Chairman, Councillors, fellow citizens:

Two years ago, when you were a newly re-elected Council, and our Alliance Against Poverty was a relatively new community group, I spoke to you here about the Region’s budget for 2011.

The Alliance Against Poverty, you’ll recall, is a grassroots group that engages in political action for the eradication of poverty. We do not seek or accept any form of government funding.

At that time we urged you to give priority to improving the lives of the one-in-ten residents of Waterloo Region — approximately 50,000 people — who live below the poverty line. It was the year the province started uploading the cost of social assistance, which was a boon to this Region of approximately $10 million. We said to you that an obligation existed to use this new money for the needs of the poorest people — such as supportive housing for example.

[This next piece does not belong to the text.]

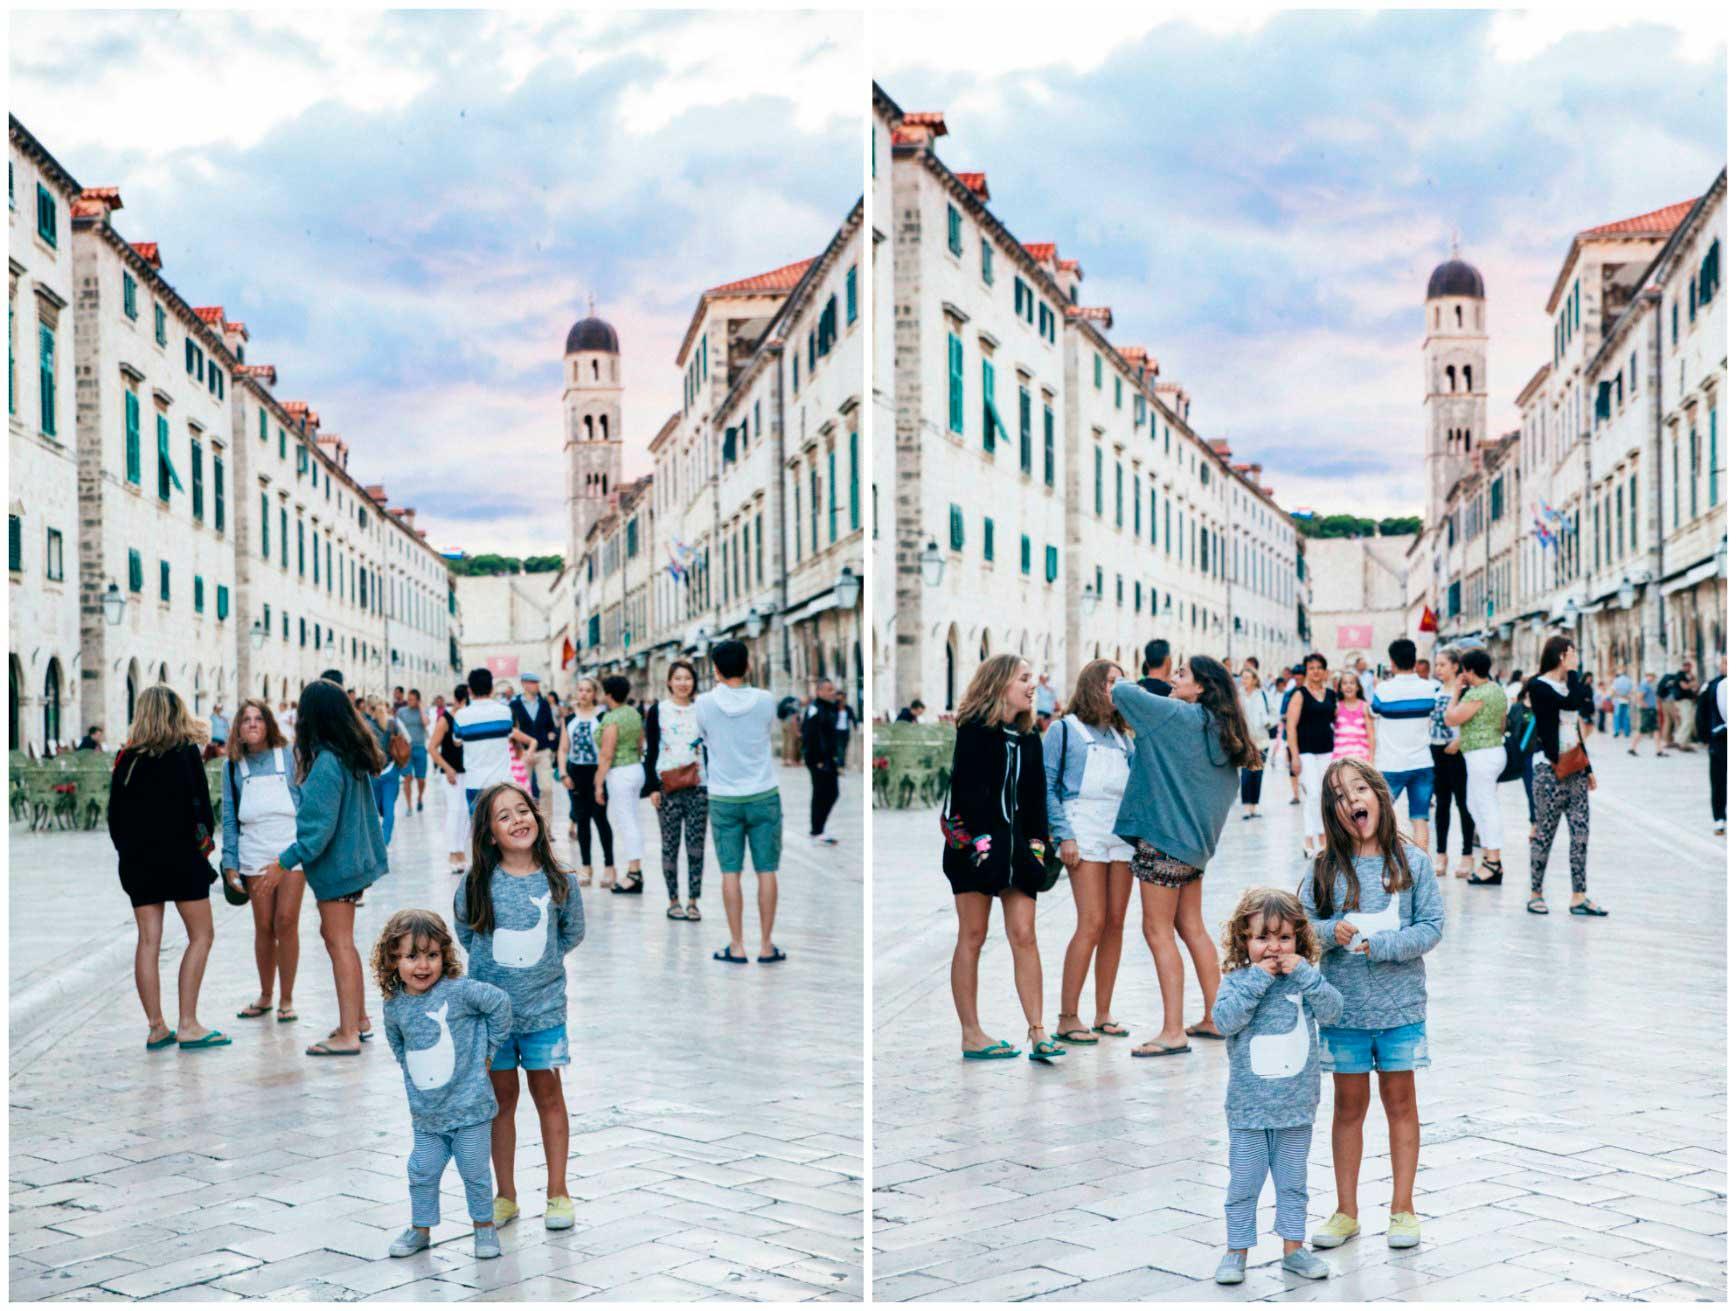 Dubrovnik-claraBmartin-01

Well, today our faces are more stern. The same provincial government that gave with one hand has taken away with the other — and you and we and every agency in town are feeling shocked and even betrayed.

I understand that the net loss to Waterloo Region will be about $3.5 million from the capping of the Discretionary Benefits, and about $2 million from the cancellation and restructuring of the Community Start-Up fund — for a total of $5.5 million. A huge loss from services that were essential to the lives of people on social assistance. Not one of these benefits could afford to be cut — they were less than adequate already.

You people and your staff are now wringing your hands, trying to decide: do we cut food hampers or dental care? How do we keep the number of homeless from going up if we can no longer provide last month’s rent in advance so folks coming out of shelters can get a room or apartment? These problems should not have been dumped on municipalities, and you have a right to feel helpless and angry.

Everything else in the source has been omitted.